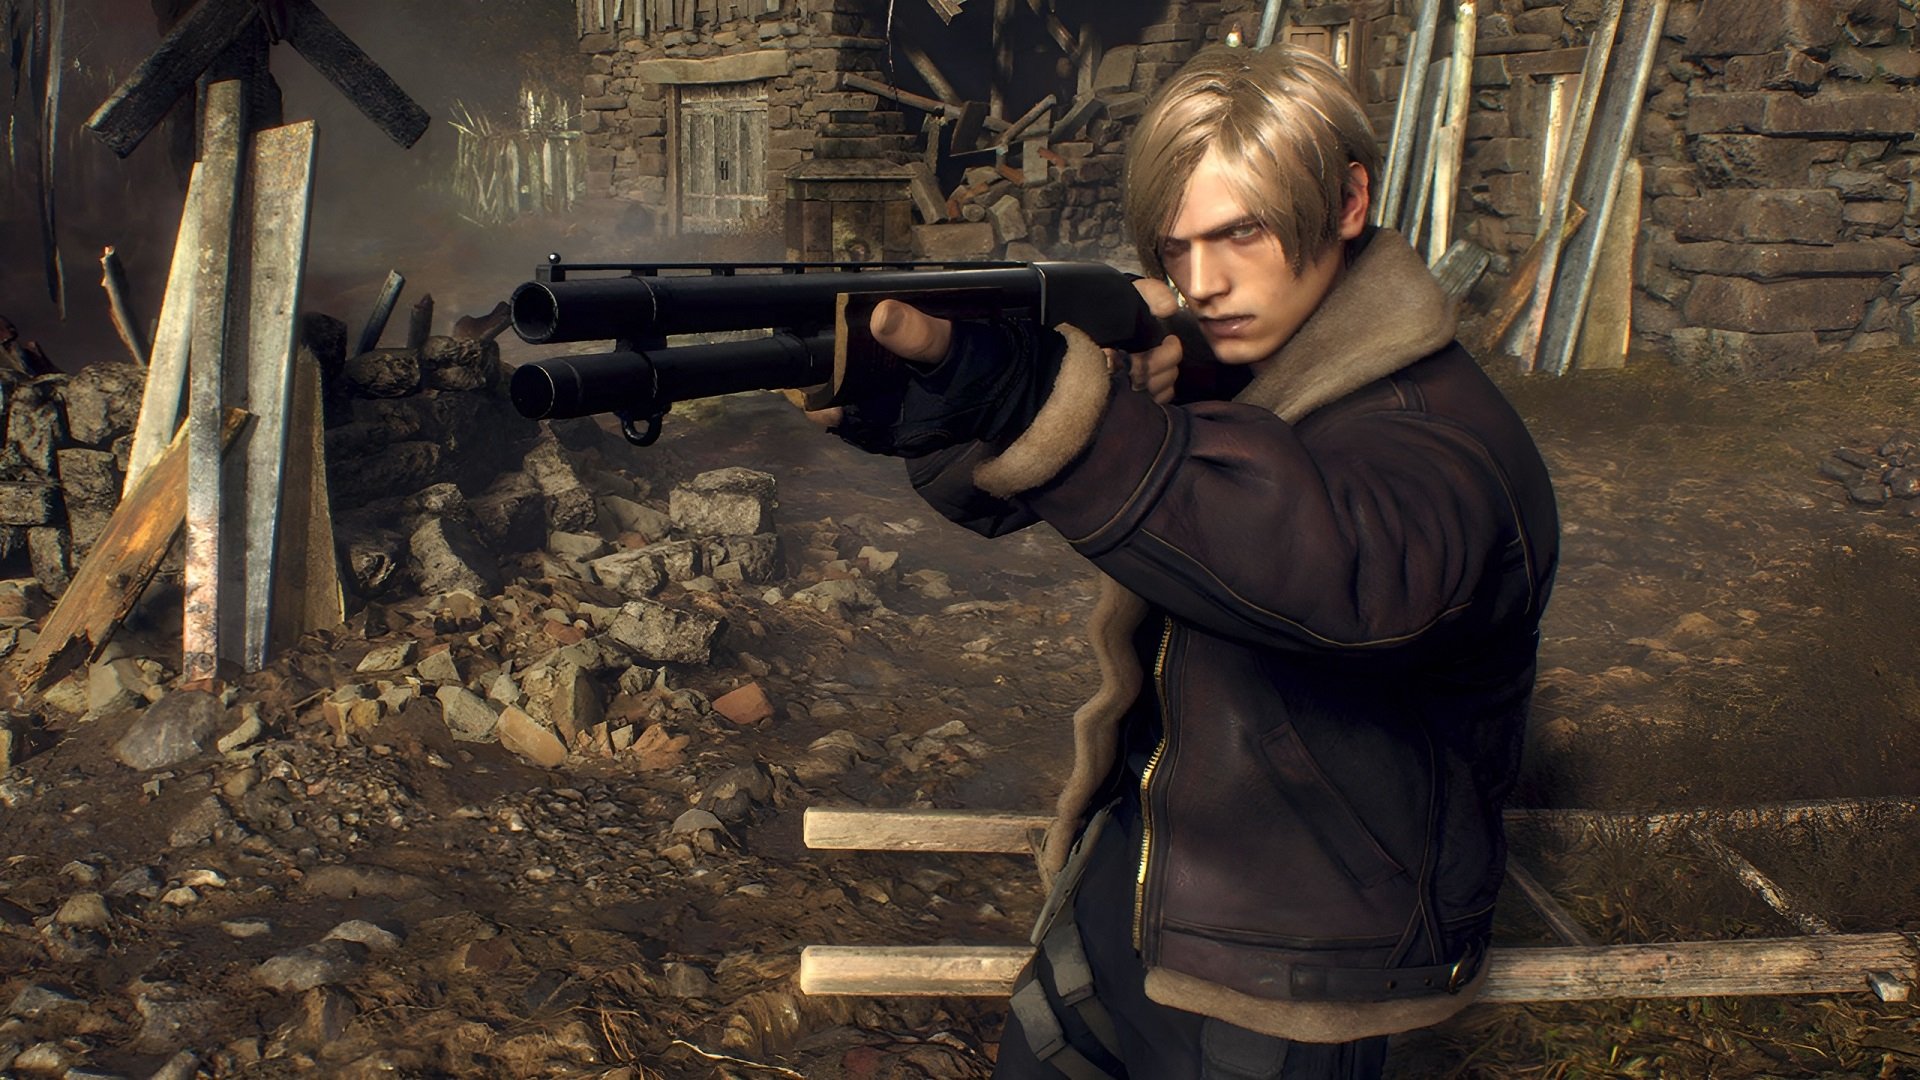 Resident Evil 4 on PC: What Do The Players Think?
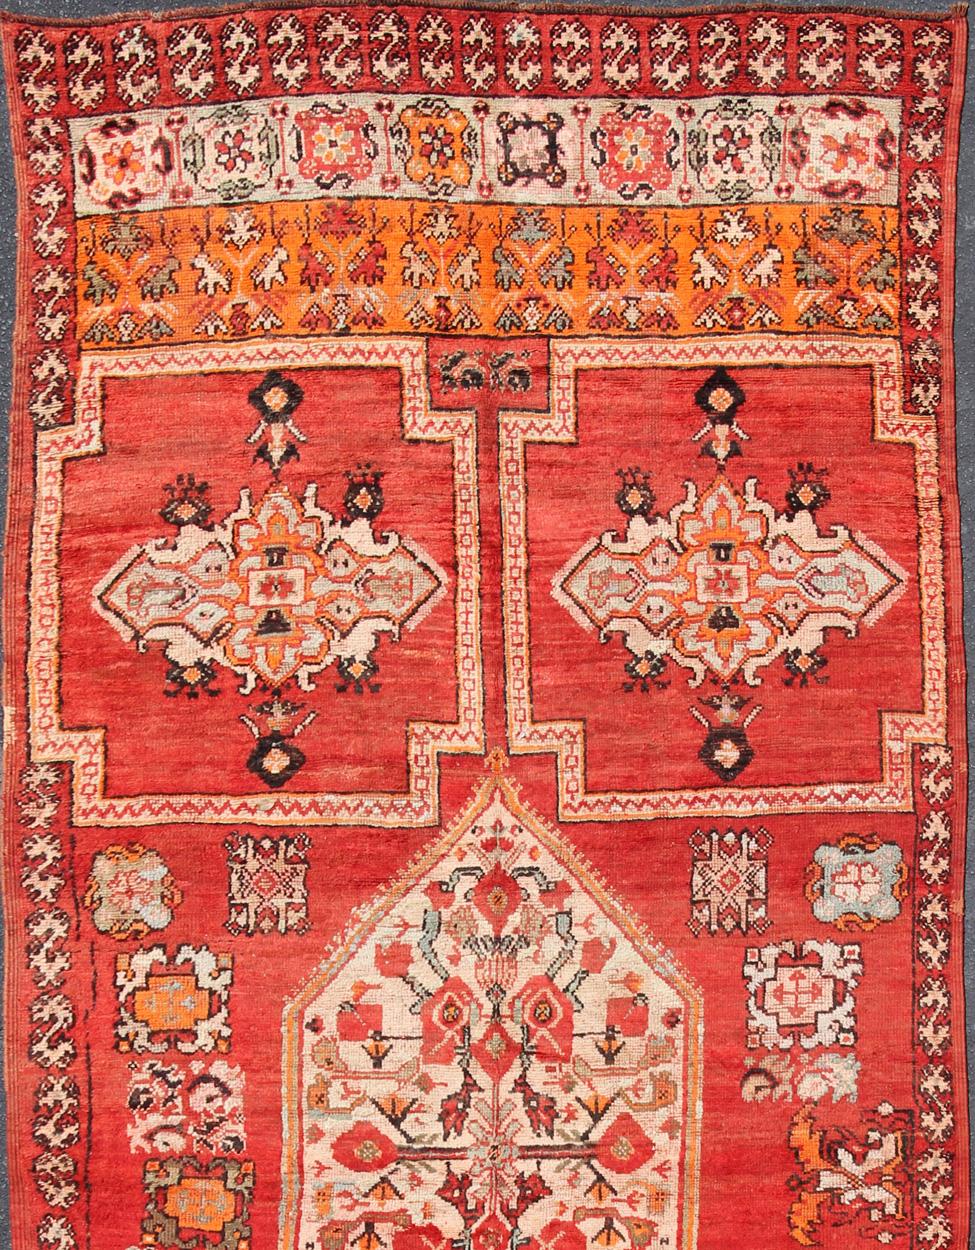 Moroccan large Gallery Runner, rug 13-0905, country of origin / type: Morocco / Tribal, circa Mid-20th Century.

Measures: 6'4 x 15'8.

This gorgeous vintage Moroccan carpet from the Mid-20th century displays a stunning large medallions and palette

### TASK ITEM
The preceding listing is to be restated word for word, with every picture omitted.

### RESPONSE
 Resident Evil 4 on PC: What Do The Players Think?
 Moroccan large Gallery Runner, rug 13-0905, country of origin / type: Morocco / Tribal, circa Mid-20th Century.

Measures: 6'4 x 15'8.

This gorgeous vintage Moroccan carpet from the Mid-20th century displays a stunning large medallions and palette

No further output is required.